Ciudades con memoria

Cuando escribo esto llevo varias semanas viajando por Europa y, por salud mental, he procurado no leer ni ver noticias. Quería disfrutar de mi viaje sin pensar en el colapso del mundo que conocemos, ni en que a la vuelta todo me estará esperando no sólo tal y como lo dejé sino, por lo que he sabido, aún peor. En un momento dado, después de la escalada de Trump, de la carnicería en Palestina y de los corruptos en el PSOE, una amiga me escribe (en broma, pero con la seriedad que el buen humor siempre impone) "volved antes de que se desate el fin del mundo". En ese momento yo me tomaba un gin tonic al borde del hermosísimo lago Leman y los suizos parecían tan ricos y tan neutrales como siempre. No quería saber nada de cataclismos. He viajado por Alemania, Suiza e Italia, por ciudades grandes y pequeñas y he disfrutado como si no pasara nada. Además, está Ginebra llena de banderas del arcoíris y de celebraciones por el Orgullo, como si no estuvieran los bárbaros a las puertas de la ciudad. Decido sumarme a la inconsciencia por unos días.

Pero las ciudades que visito no me ayudan a perseverar en esa inconsciencia, al menos no me permiten olvidar. Y es que estoy paseando por ciudades que conservan todavía la arquitectura de un mundo que está amenazado, de un consenso de civilidad que se construyó después de un enorme desastre y que está siendo derruido por un mal similar al de entonces. Las ciudades francesas, alemanas e italianas, también las suizas, rememoran y honran a los hombres y mujeres que contribuyeron a construir el mundo que ahora parece que está en riesgo de derrumbe. Ese mundo que nació de la lucha contra el fascismo y por la libertad y la dignidad de todas. Walter Benjamin, Marx, Engels, Rosa Luxemburgo, Gramsci, Simone Weil, Karl Liebknecht, Louise Michel, Clara Zetkin… y por supuesto una miríada de nombres de resistentes, de antifascistas, socialistas y comunistas, dan nombre a calles, colegios, plazas, fuentes, parques… nombres de luchadores y luchadoras, más o menos anónimos, pero cuya memoria se intenta preservar con placas en las paredes y en el suelo que nos informan de que aquí nació o que aquí murió, o fue capturado o asesinado, tal o cual resistente, luchadora, o también este pensador o aquella filósofa, que dedicaron sus vidas a tratar de que el mundo fuese más igualitario y más justo, menos cruel. Muchas de esas placas tienen siempre flores.

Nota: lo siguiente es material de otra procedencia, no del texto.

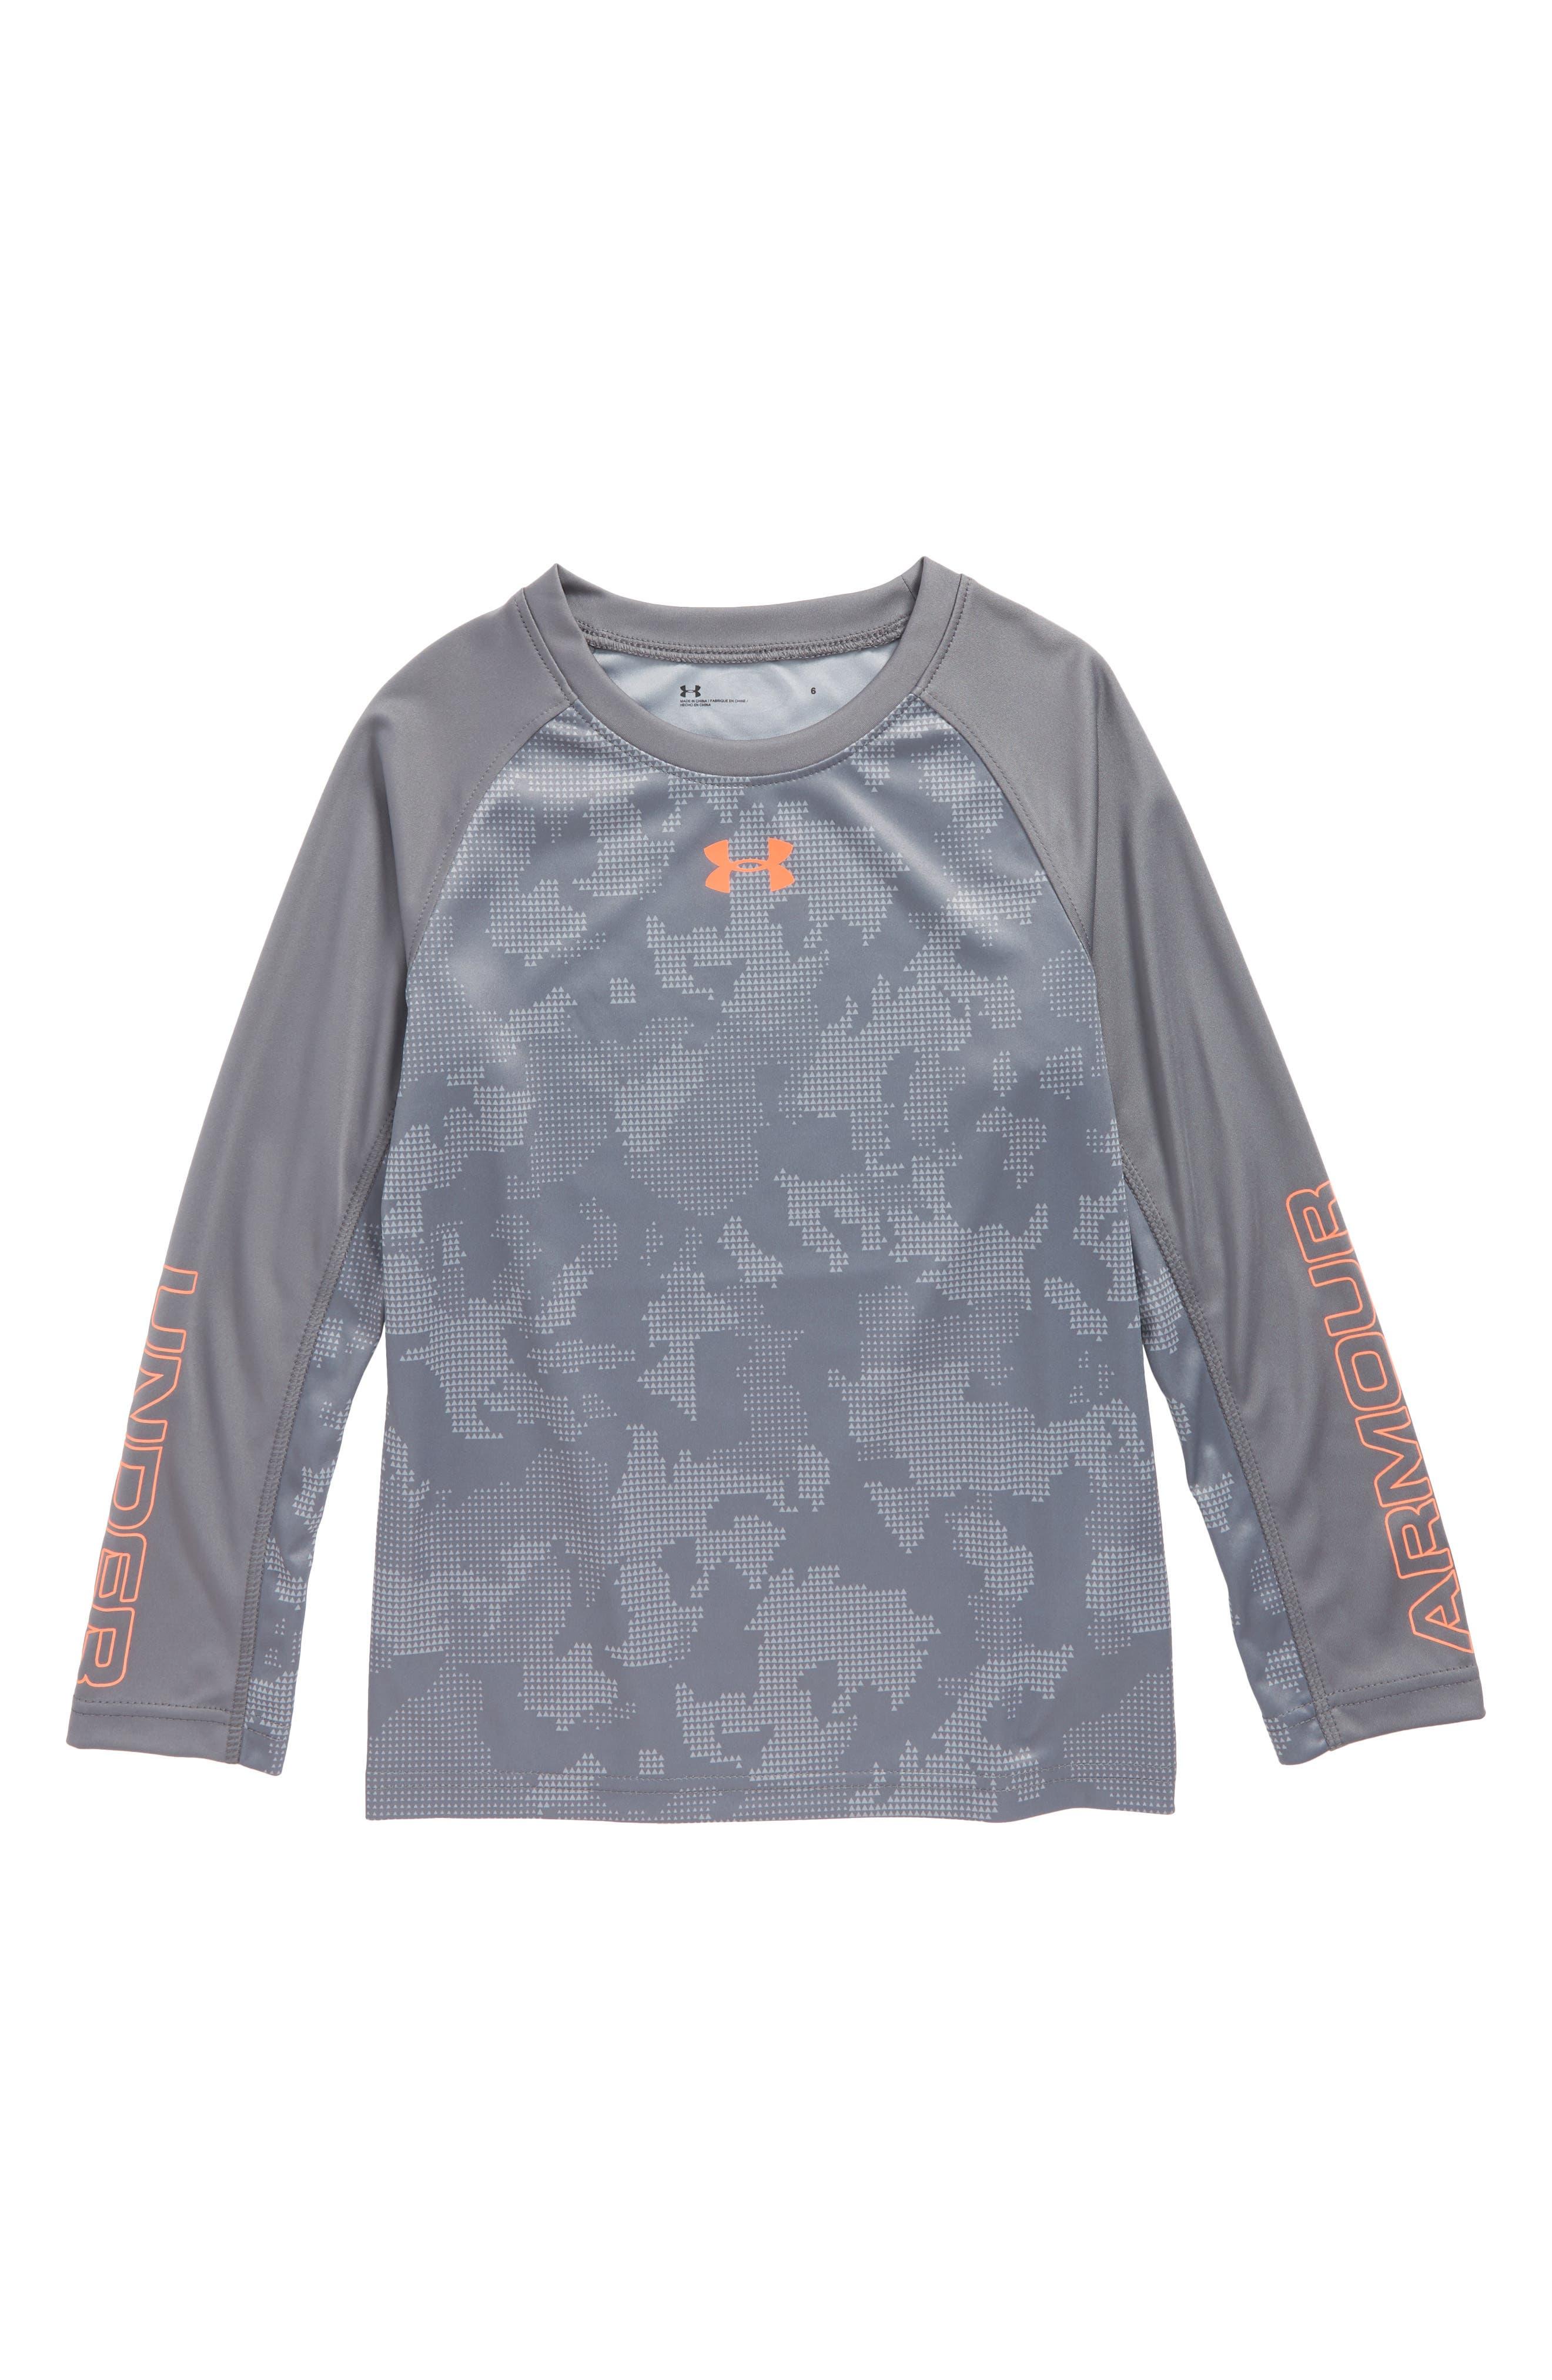 Utility Raglan Long Sleeve T-Shirt,                             Main thumbnail 1, color,                             Graphite
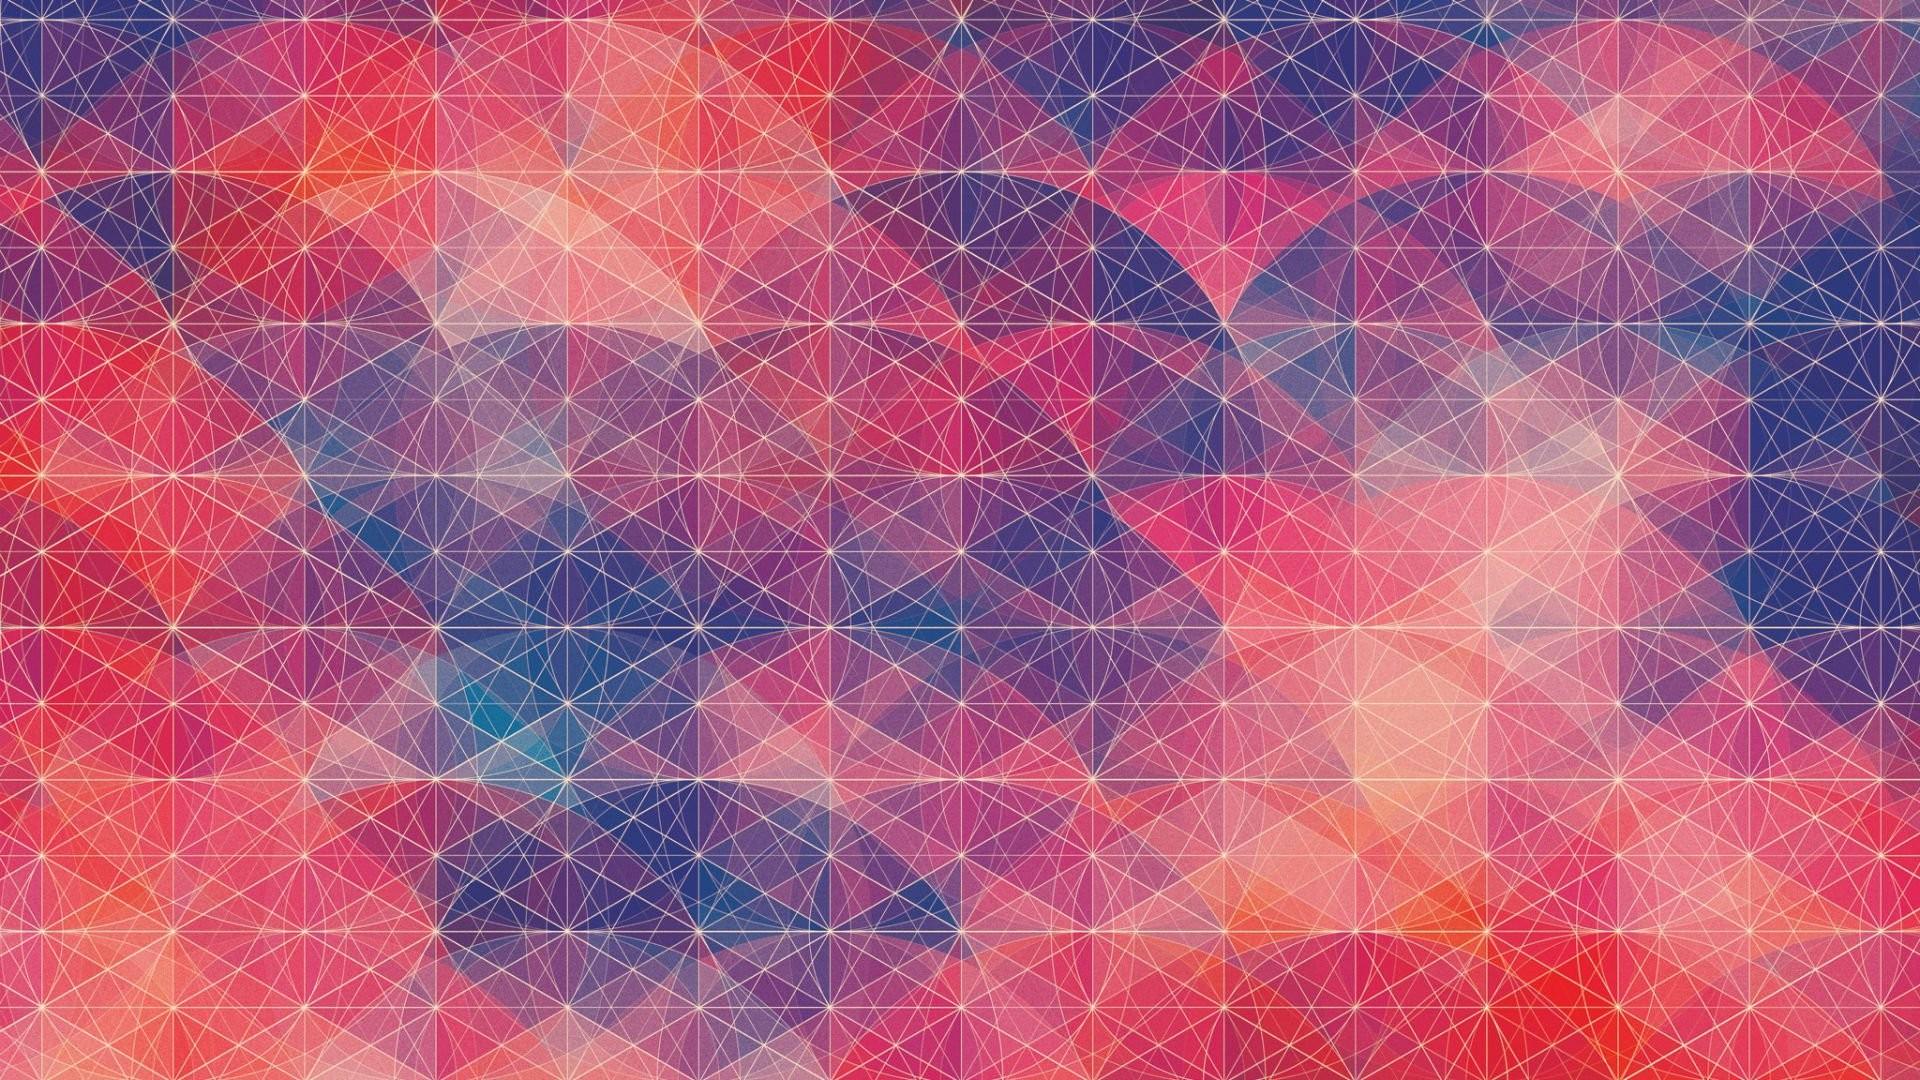 Popular Wallpaper Macbook Geometric - 287482-geometric-background-1920x1080-for-samsung  Best Photo Reference_321034.jpg

Me doy cuenta de la incongruencia de pasear por un parque cuyo nombre recuerda la lucha de los partisanos en el mismo país en el que una fascista está en el gobierno

Esa arquitectura ciudadana me recuerda que ese es el mundo que hasta ahora ha sostenido unos ciertos consensos éticos que distinguían lo que estaba bien y lo que estaba mal, lo que era aceptable y lo que no. En ninguna parte de Europa se recuerda, conmemora u honra a ningún fascista, a ningún dictador, a ningún antidemócrata, a ningún corrupto, a ningún enemigo del pueblo. Esas personas, sus vidas, su pensamiento, sus acciones sostenían un edificio ético que está siendo bombardeado. Esa es la verdadera superioridad moral de la izquierda. Y ahí sigue, marcando los itinerarios de las ciudades.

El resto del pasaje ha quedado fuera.